/wav2vec2_finetune

Huggingface Wav2Vec2 Fine-tuning

Primary LanguagePython

Installation

  1. PyTorch installation: https://pytorch.org/
  2. Install transformers: https://huggingface.co/docs/transformers/installation

e.g., installation by conda

>> conda create -n wav2vec2 python=3.8
>> conda install pytorch torchvision torchaudio pytorch-cuda=11.7 -c pytorch -c nvidia
>> conda install -c conda-forge transformers

Finetune

  • Prepare your data, 2 options:
    • Dataset id from huggingface
    • A json file containing the audio file path and text. e.g.:
    {
      "/home/7303-408-0000.flac": "ECHO OPEN THE DOOR",
      "/home/7303-408-0001.flac": "ECHO OPEN THE DOOR",
      "/home/7303-408-0002.flac": "ECHO OPEN THE DOOR",
    }
  • Finetune.

e.g.,

python wav2vec2_finetune.py --model_id facebook/wav2vec2-large-960h-lv60-self --dataset_name LIUM/tedlium --ckpt_path wav2vec2_models/ --model_save_path large_models/epoch-4 --num_train_epochs 4 --batch_size 10

Inference

  • Prepare your data, 3 options:
    • Dataset id from huggingface.
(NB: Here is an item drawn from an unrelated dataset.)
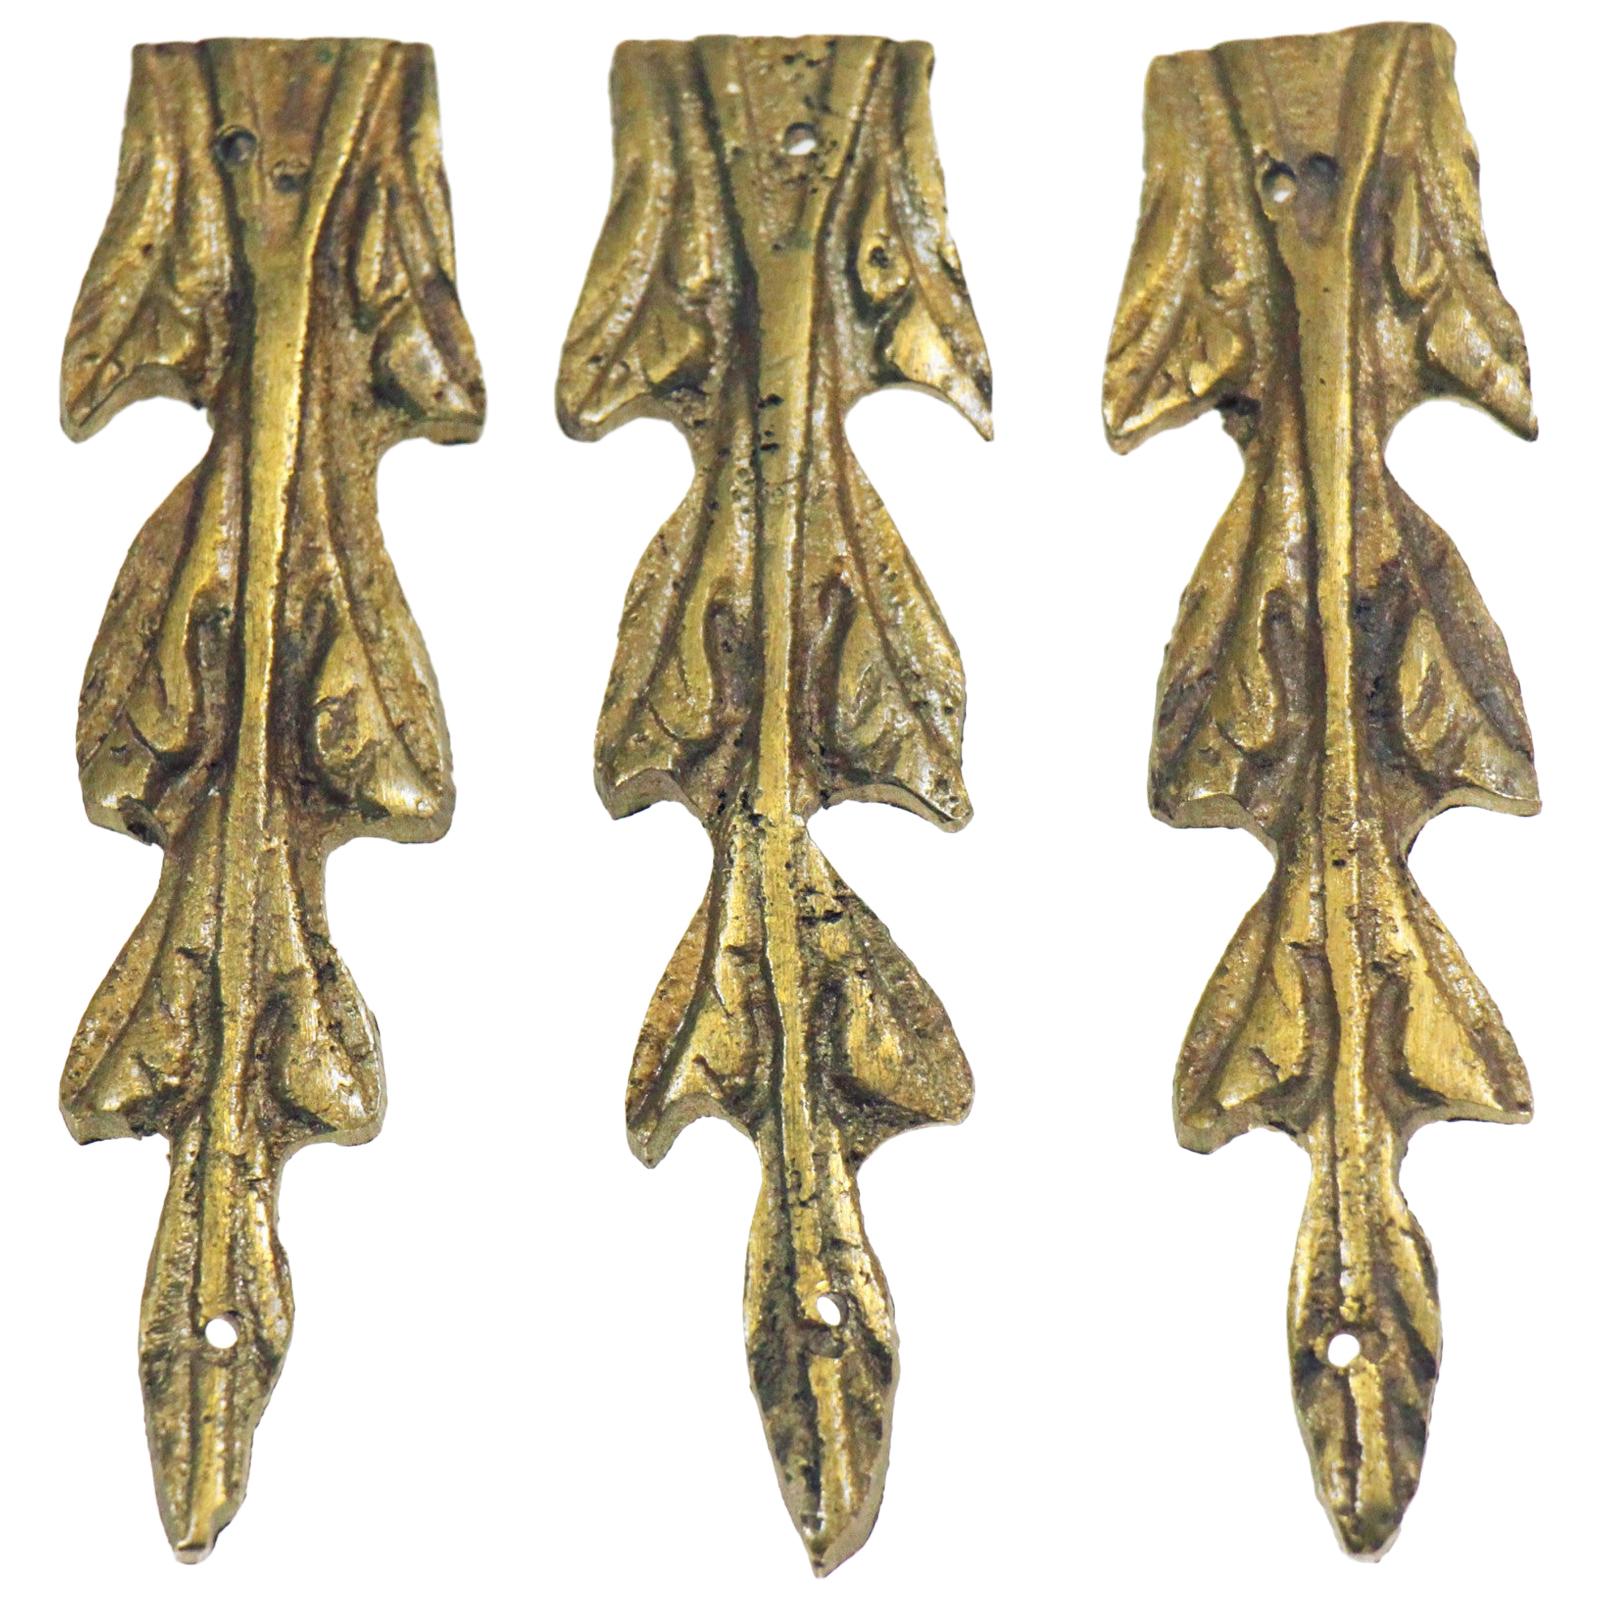 Antique Bronze Leaves Furniture Applique Set from Belgium

It will take the test split.
    • Specify the json file like the finetuning phase.
    • Specify the wav folder. It will automatically find all files (wav, flac). This option will not yield WER as not text info provided.
python wav2vec2_infer.py --wav_folder your/audio/files/folder --model_id facebook/wav2vec2-large-960h-lv60-self --with_lm_id 'patrickvonplaten/wav2vec2-base-100h-with-lm'

Torchserve

  • Prepare your model mar file, e.g., modela.mar:

    without language model:

    torch-model-archiver --model-name modela --version 1.0 --serialized-file modela/pytorch_model.bin --handler handler_v1.py --extra-files "modela/config.json,modela/preprocessor_config.json,modela/special_tokens_map.json,modela/tokenizer_config.json,modela/vocab.json"
    

    with language model:

    torch-model-archiver --model-name modela --version 1.0 --serialized-file modela/pytorch_model.bin --handler handler_v1.py --extra-files "modela/config.json,modela/preprocessor_config.json,modela/special_tokens_map.json,modela/tokenizer_config.json,modela/alphabet.json,modela/vocab.json,modela/language_model/attrs.json,modela/language_model/lm.binary,modela/language_model/unigrams.txt"
    
  • Move mar file into model_store folder

    mkdir model_store
    mv modela.mar model_store
    
  • Config: edit config.properties

  • Start torchserve service

    torchserve --start --model-store model_store --models modela=modela.mar --ncs
    
  • Visit the torchserve(handler_v1.py):

    curl http://127.0.0.1:8083/predictions/modela -X POST -T test_audio.wav
    
  • Stop torchserve:

    torchserve --stop